Dong Weichuan, Kim Uriel, Rose Johnie, Hoehn Richard S, Kucmanic Matthew, Eom Kirsten, Li Shu, Berger Nathan A, Koroukian Siran M
Population Cancer Analytics Shared Resource and Department of Population and Quantitative Health Sciences, Case Western Reserve University School of Medicine, Cleveland, OH 44106, USA.
Kellogg School of Management, Northwestern University, Evanston, IL 60208, USA.
Cancers (Basel). 2023 Feb 4;15(4):1006. doi: 10.3390/cancers15041006.

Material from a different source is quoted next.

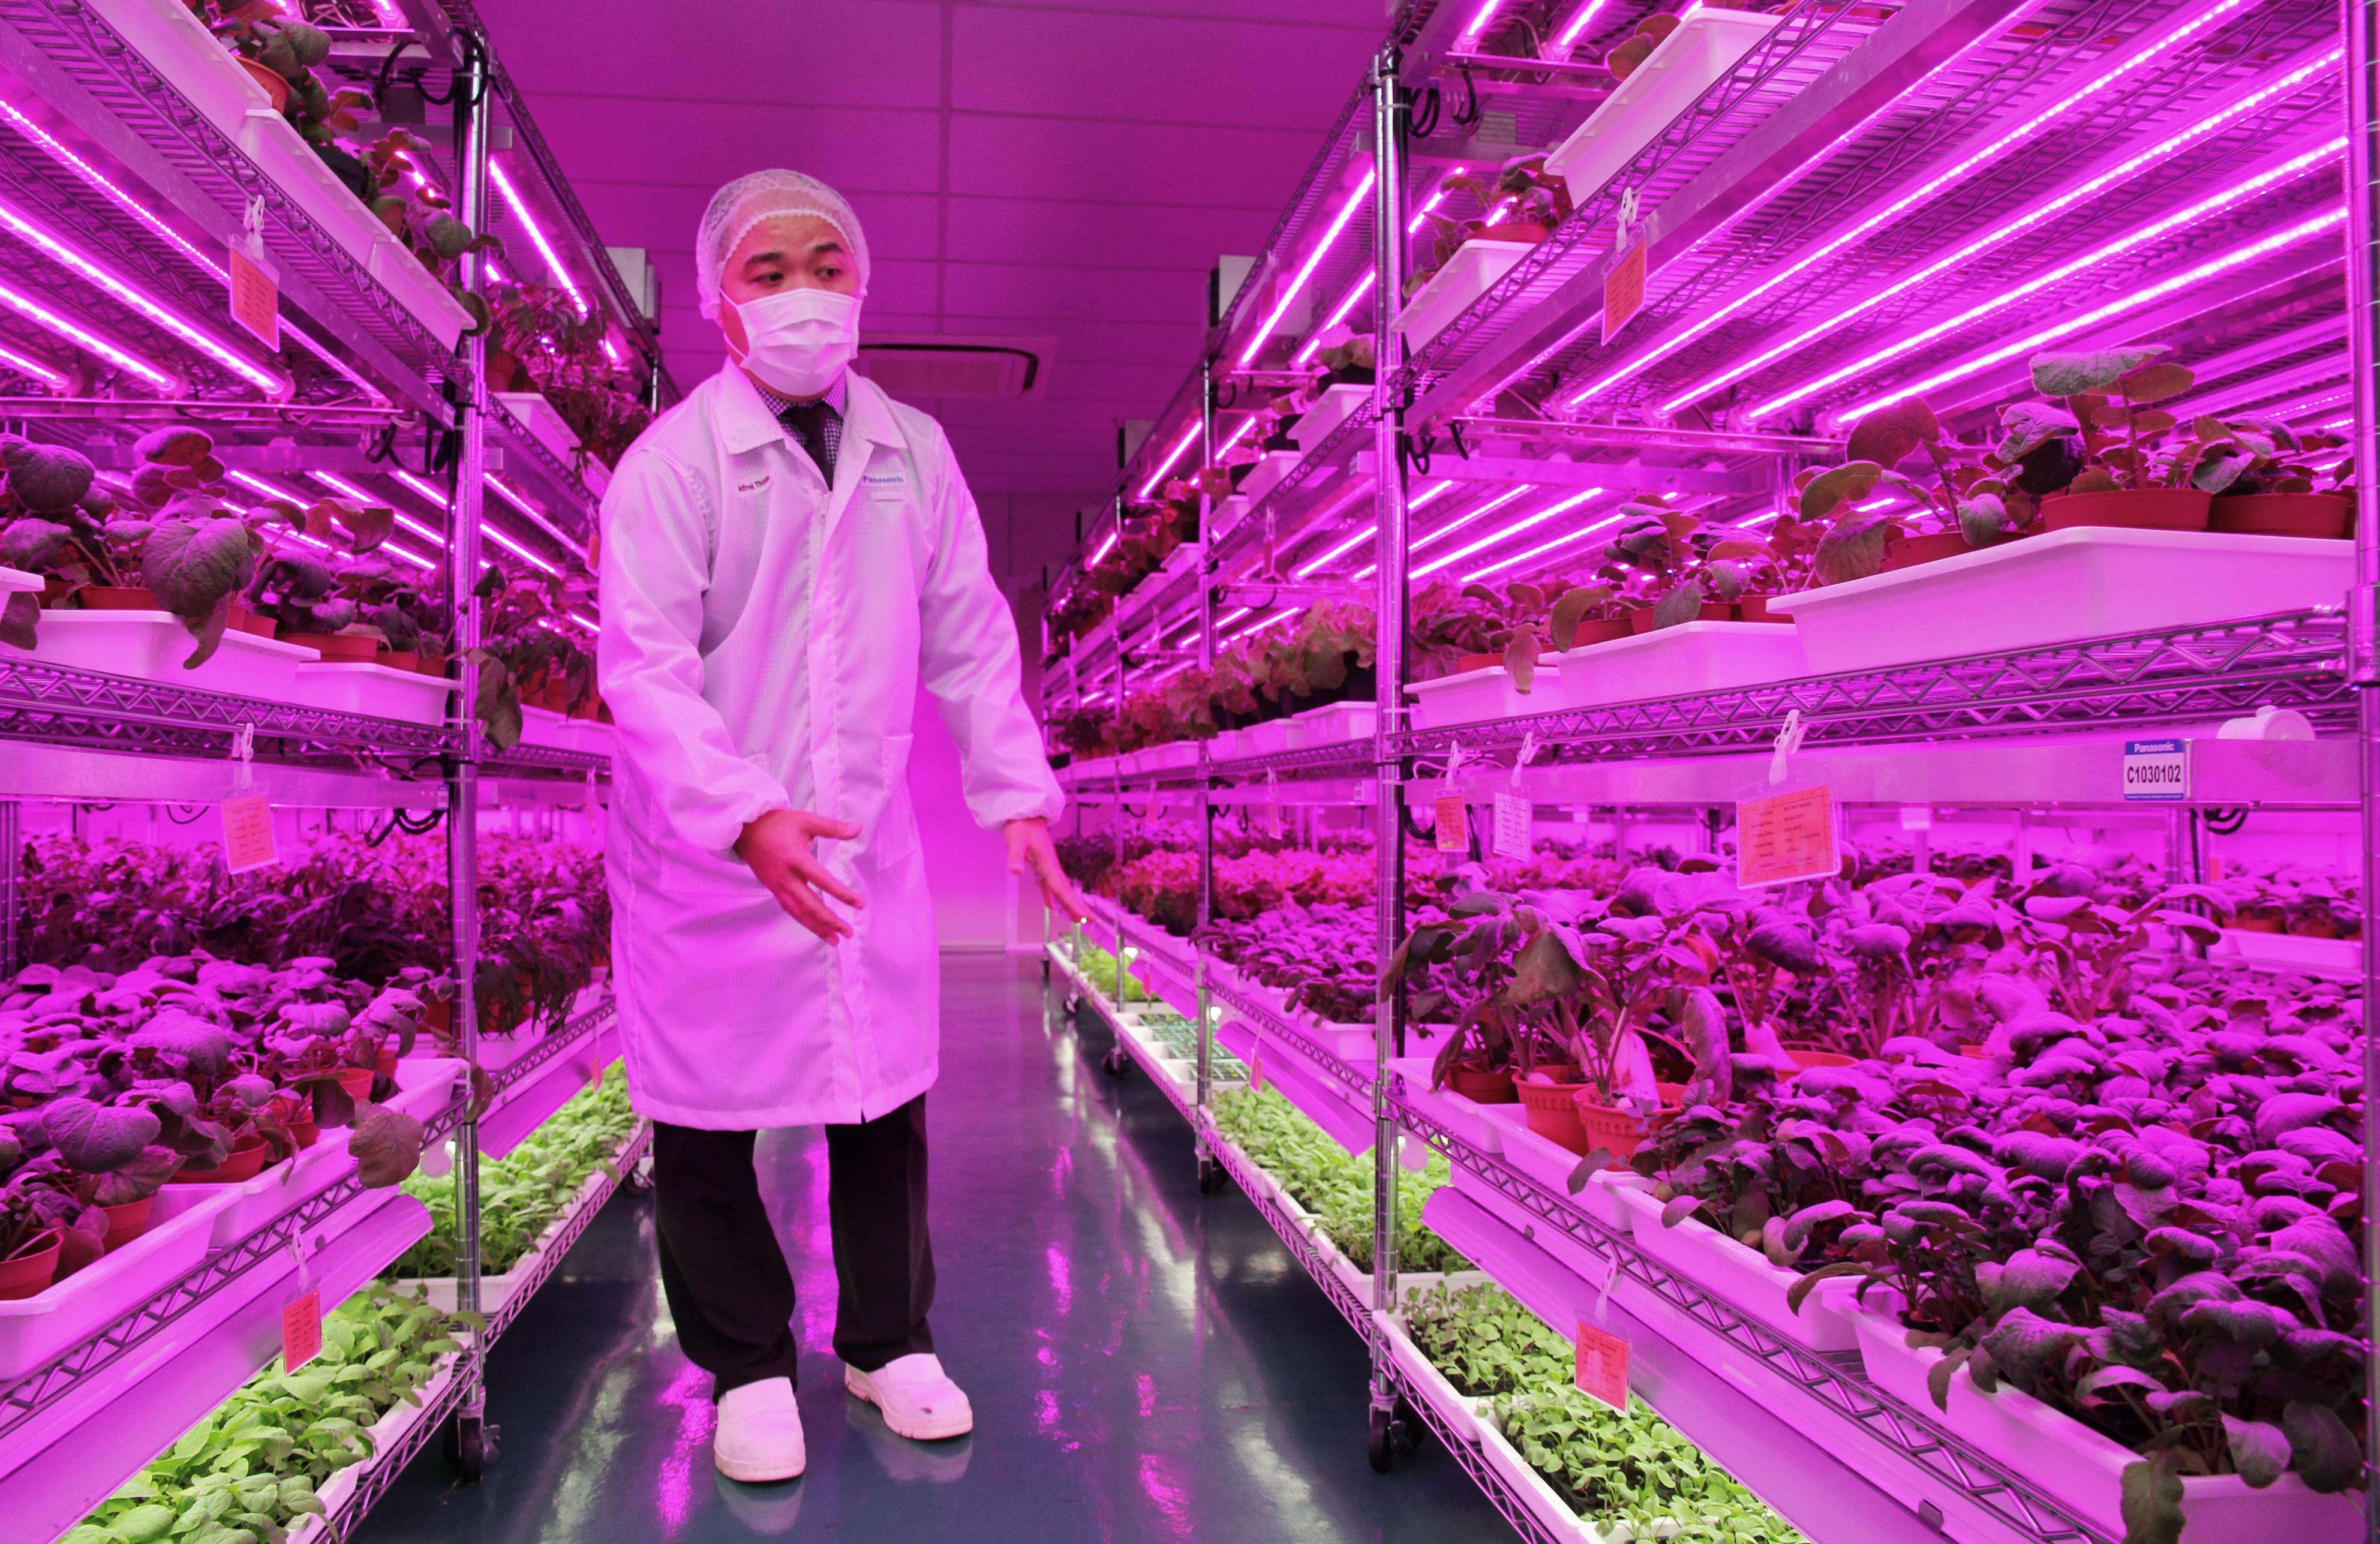 パナソニックがシンガポールで「植物工場」:独自の技術で食糧生産に貢献 Agri In Asia

The proportion of patients diagnosed with colorectal cancer (CRC) at age < 50 (early-onset CRC, or EOCRC) has steadily increased over the past three decades relative to the proportion of patients diagnosed at age ≥ 50 (late-onset CRC, or LOCRC), despite the reduction in CRC incidence overall. An important gap in the literature is whether EOCRC shares the same community-level risk factors as LOCRC. Thus, we sought to (1) identify disparities in the incidence rates of EOCRC and LOCRC using geospatial analysis and (2) compare the importance of community-level risk factors (racial/ethnic, health status, behavioral, clinical care, physical environmental, and socioeconomic status risk factors) in the prediction of EOCRC and LOCRC incidence rates using a random forest machine learning approach. The incidence data came from the Surveillance, Epidemiology, and End Results program (years 2000-2019). The geospatial analysis revealed large geographic variations in EOCRC and LOCRC incidence rates. For example, some regions had relatively low LOCRC and high EOCRC rates (e.g., Georgia and eastern Texas) while others had relatively high LOCRC and low EOCRC rates (e.g., Iowa and New Jersey). The random forest analysis revealed that the importance of community-level risk factors most predictive of EOCRC versus LOCRC incidence rates differed meaningfully. For example, diabetes prevalence was the most important risk factor in predicting EOCRC incidence rate, but it was a less important risk factor of LOCRC incidence rate; physical inactivity was the most important risk factor in predicting LOCRC incidence rate, but it was the fourth most important predictor for EOCRC incidence rate. Thus, our community-level analysis demonstrates the geographic variation in EOCRC burden and the distinctive set of risk factors most predictive of EOCRC.
在过去三十年中,相对于50岁及以上确诊的结直肠癌患者比例(晚发性结直肠癌,或LOCRC),50岁以下确诊为结直肠癌(CRC)的患者比例(早发性结直肠癌,或EOCRC)稳步上升,尽管总体CRC发病率有所下降。文献中的一个重要空白是EOCRC是否与LOCRC具有相同的社区层面风险因素。因此,我们试图(1)使用地理空间分析确定EOCRC和LOCRC发病率的差异,以及(2)使用随机森林机器学习方法比较社区层面风险因素(种族/民族、健康状况、行为、临床护理、物理环境和社会经济地位风险因素)在预测EOCRC和LOCRC发病率方面的重要性。发病率数据来自监测、流行病学和最终结果计划(2000 - 2019年)。地理空间分析显示EOCRC和LOCRC发病率存在很大的地理差异。例如,一些地区的LOCRC发病率相对较低,而EOCRC发病率较高(如佐治亚州和得克萨斯州东部),而其他地区的LOCRC发病率相对较高,EOCRC发病率较低(如爱荷华州和新泽西州)。随机森林分析显示,最能预测EOCRC与LOCRC发病率的社区层面风险因素的重要性存在显著差异。例如,糖尿病患病率是预测EOCRC发病率的最重要风险因素,但它是LOCRC发病率的一个不太重要的风险因素;缺乏身体活动是预测LOCRC发病率的最重要风险因素,但它是EOCRC发病率的第四重要预测因素。因此,我们的社区层面分析证明了EOCRC负担的地理差异以及最能预测EOCRC的独特风险因素集。